Significance / Novelty of study: Many recent educational evaluations collect and control for 
baseline outcome measures thanks to the vast literature recommending them for boosting 
statistical power. The dynamic nature of school districts and schools coupled with unforeseen 
logistical factors often delay collection of such data yielding contaminated pretest measures, 
which in turn produce biased impact estimates and diminish gains in statistical power. Building 
on Schochet (2008a), we examine this important issue within the context of a cluster RCT 
analyzing the effects of two preschool interventions. We also propose a novel approach that aims 
to decontaminate late pretest measures and can be applied in many similar situations. 
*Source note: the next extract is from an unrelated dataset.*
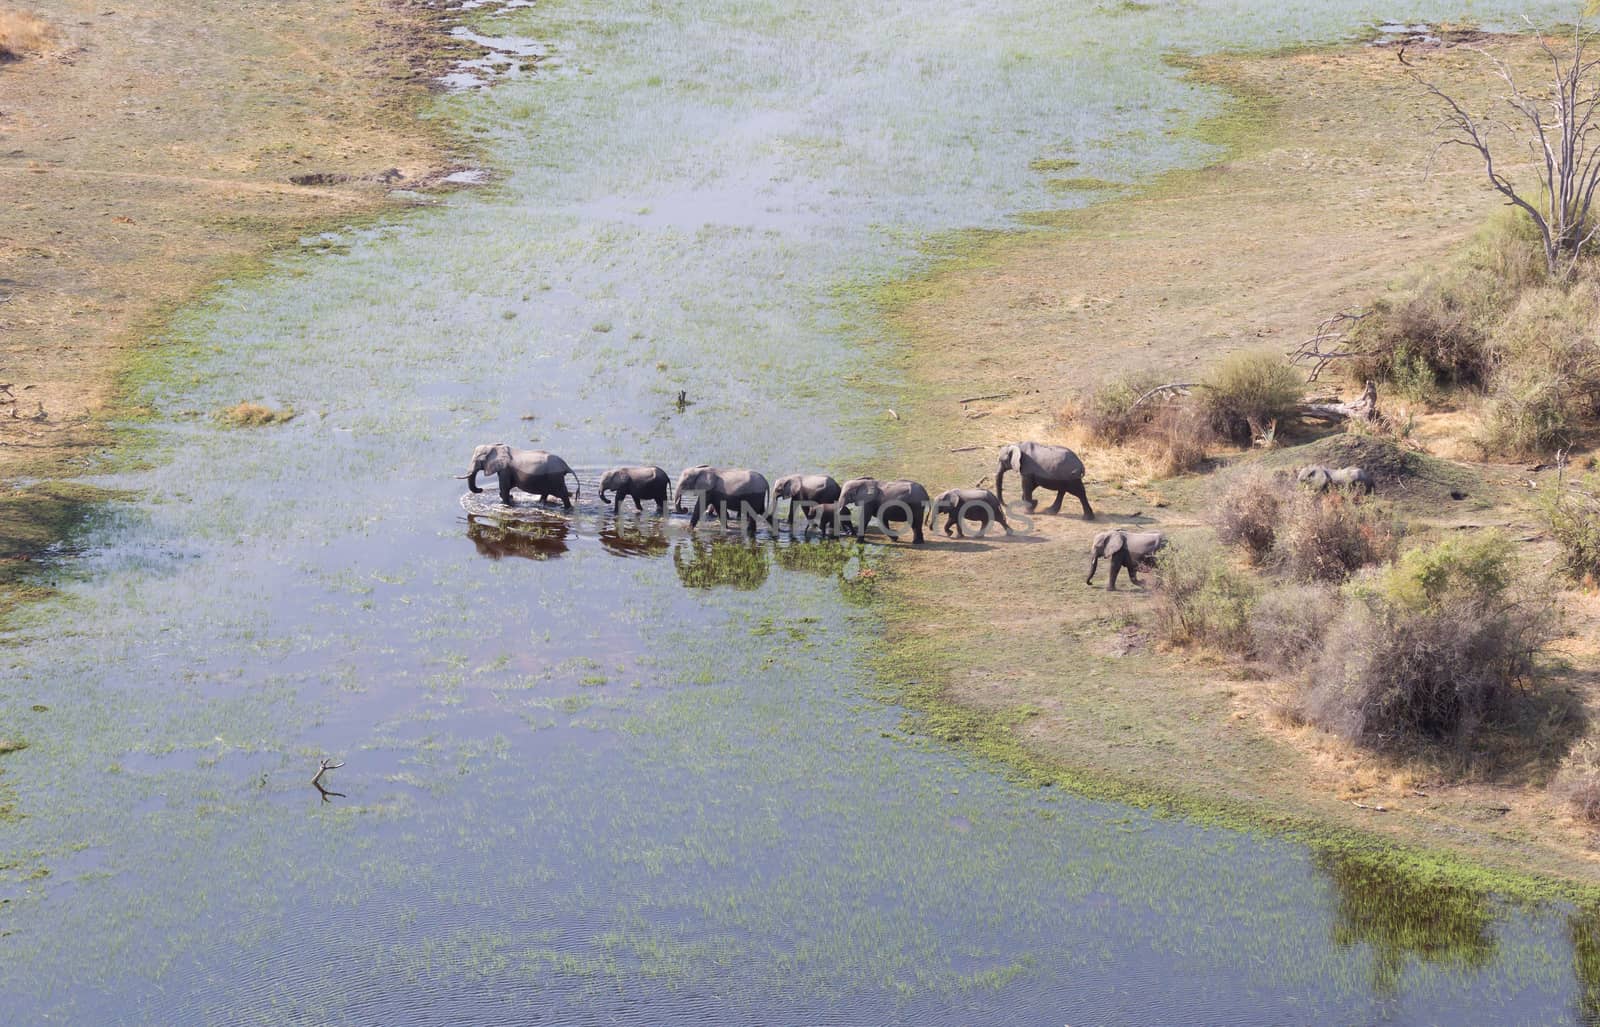 Elephant family crossing water in the Okavango delta (Botswana) by michaklootwijk

Statistical, Measurement, or Econometric Model: Schochet (2008a) theoretically and 
empirically examines the implications of using late pretests in RCTs. Specifically; he compares 
the performance of the following four impact estimators with respect to their mean squared error 
and minimum detectable effect sizes: 

• Posttest-only estimator: does not use any pretest measures, 

• Difference-in-differences estimator (DID): uses gains scores as the outcome variable, 

• ANCOVA estimator: controls for pretest measure(s), and 

• Unbiased ANCOVA (U ANCOVA) estimator: controls for uncontaminated pretest 
measure(s) obtained from extant sources (e.g., school-level test scores for prior student 
cohorts) 

Schochet conducts simulations for typical RCTs and data generating parameters such as intra- 
class correlations, pretest and posttest correlations, and impact growth trajectories. He finds that: 

• Both the DID and ANCOVA estimator is preferred to the posttest-only estimator unless 
early treatment effects are large (e.g., larger than 0.10 standard deviations for the 
ANCOVA estimator in a cluster RCT); 

• The ANCOVA estimator is preferred to the UANCOVA estimator unless predictive 
power of alternative pretests and early treatment effects are large; and 

• The DID estimator typically has larger bias and variance than the ANCOVA estimator. 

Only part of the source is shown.